<<<<

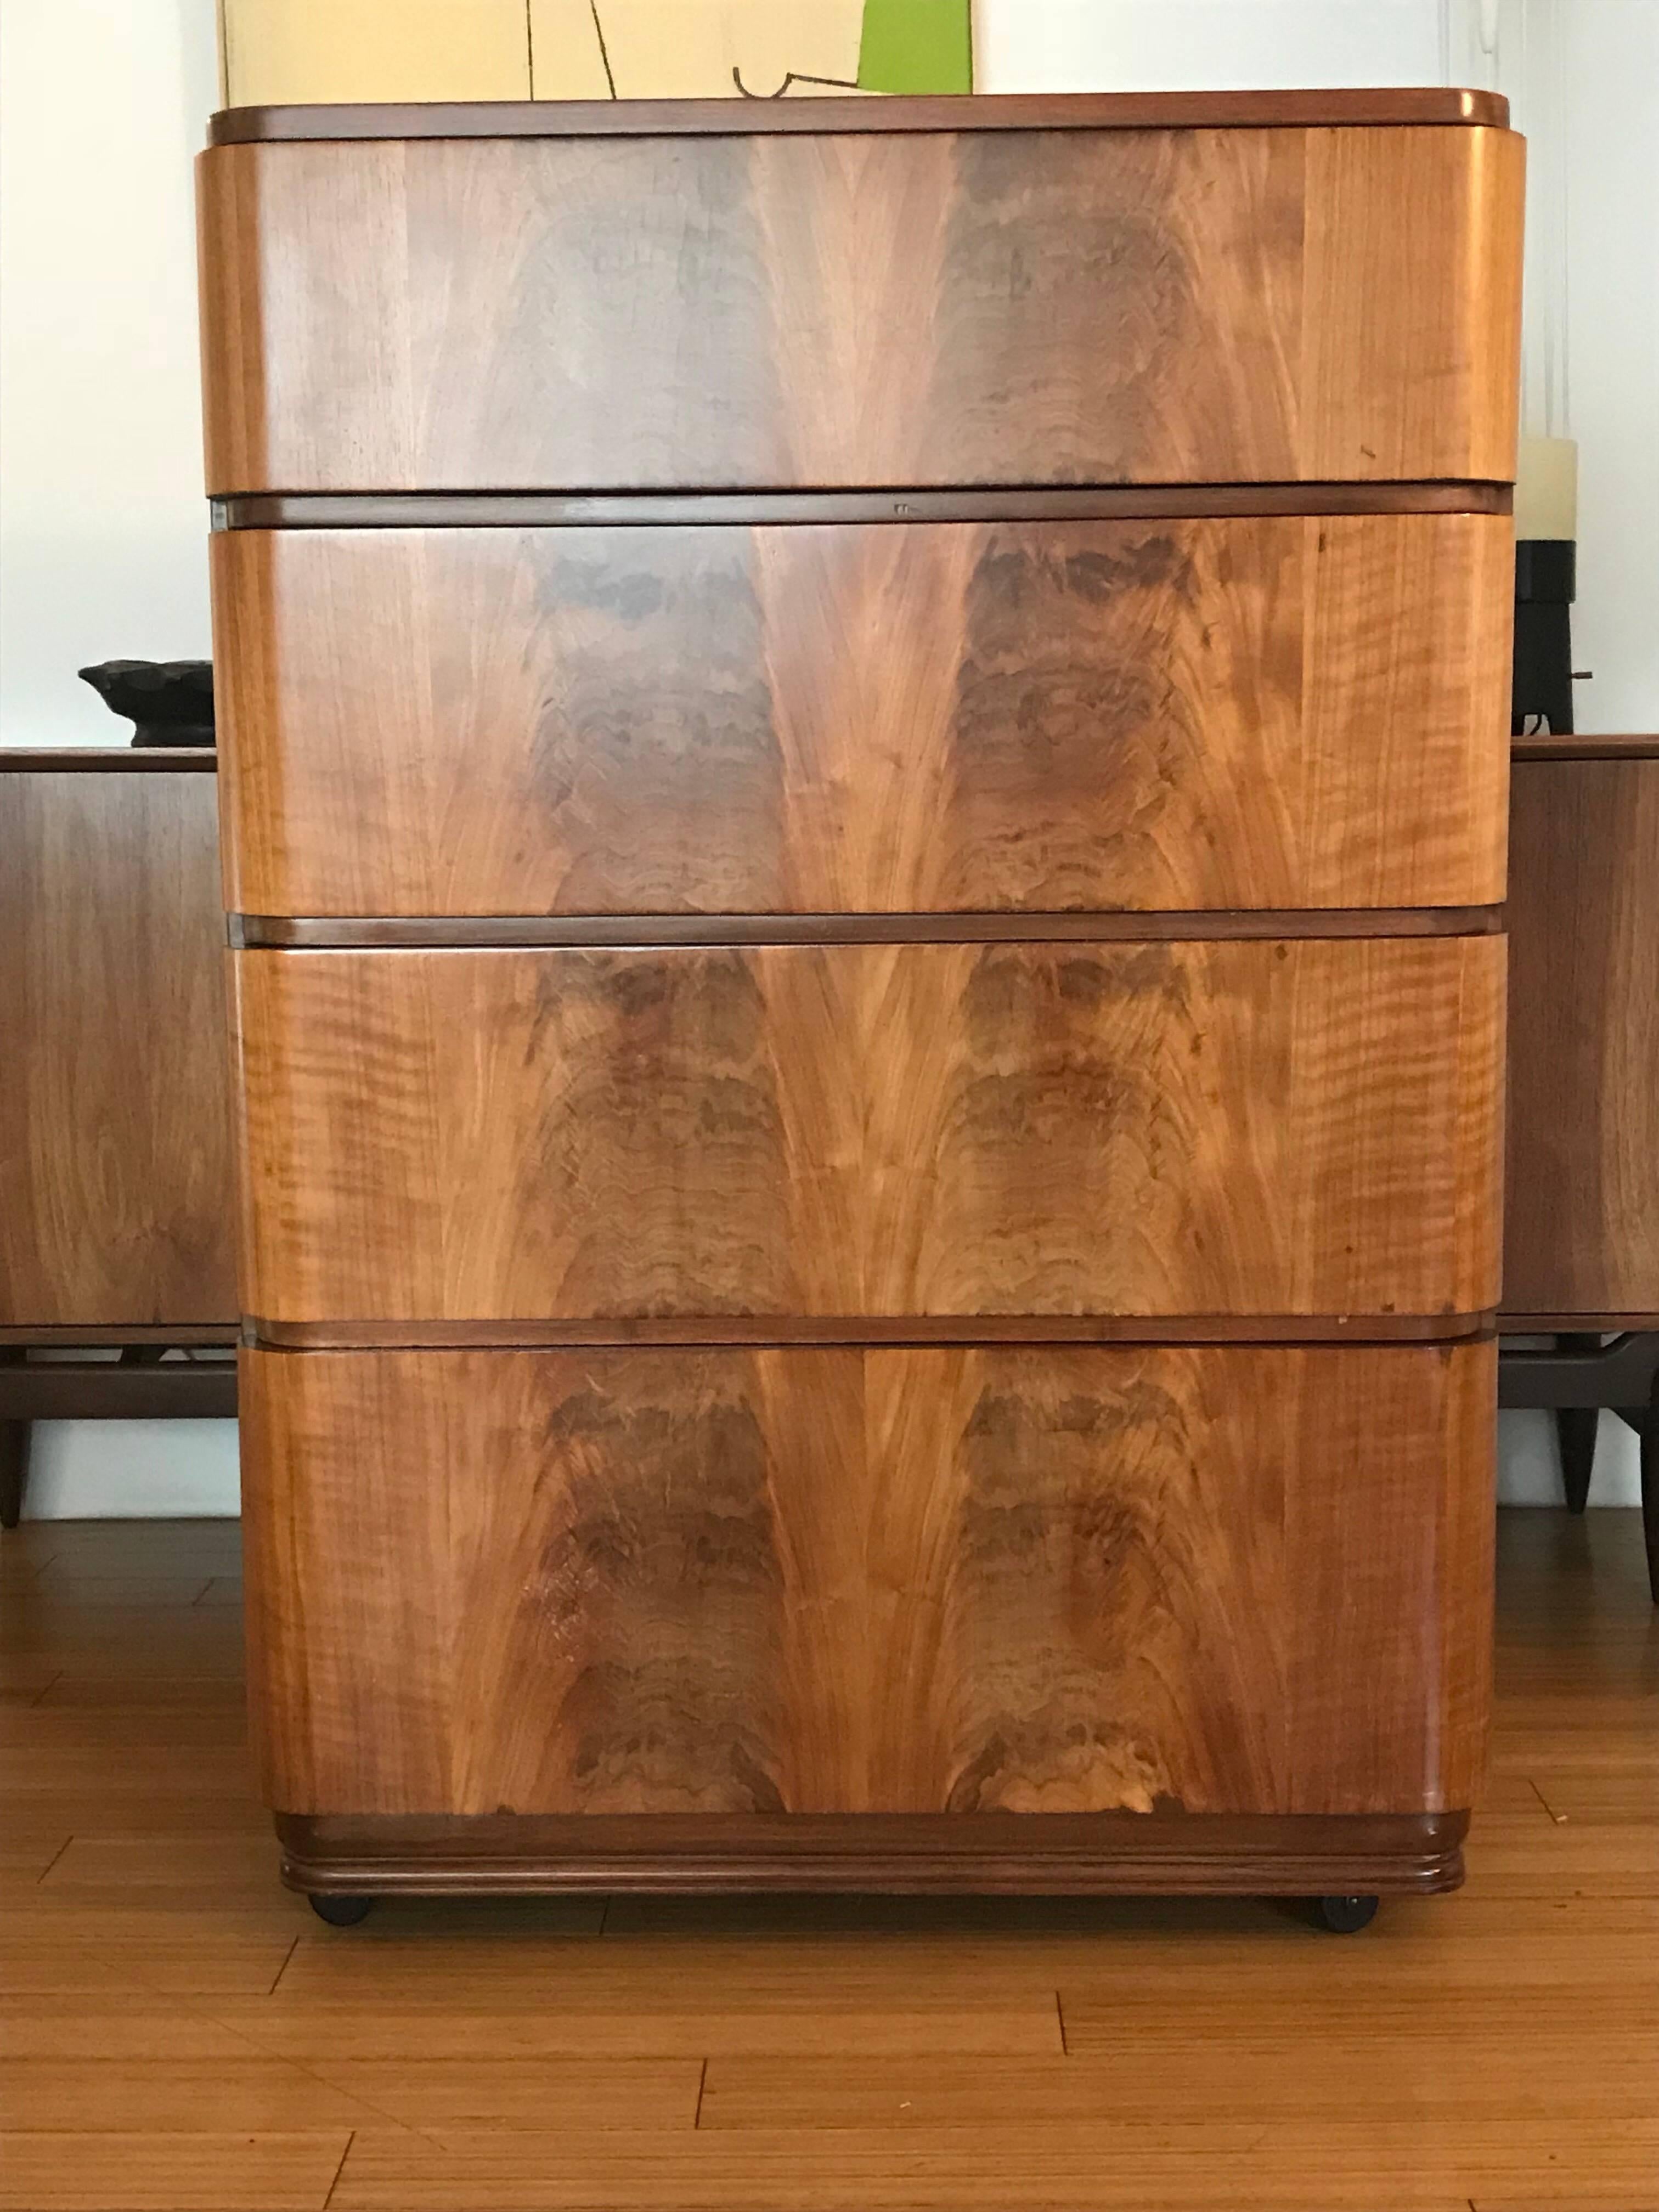 A nice minimalist form and function design.
Made of plywood (no press-board) with walnut veneer.
A beautifully grained natural satin.
It appears to have been refinished a few years ago.
It has four nice deep drawers to hold lots of stuff.
The

>>>>

- Task goal
Write out once more the lines above beginning at the line with "It has four"; continue through the final line and stop there.

- Solved problem
It has four nice deep drawers to hold lots of stuff.
The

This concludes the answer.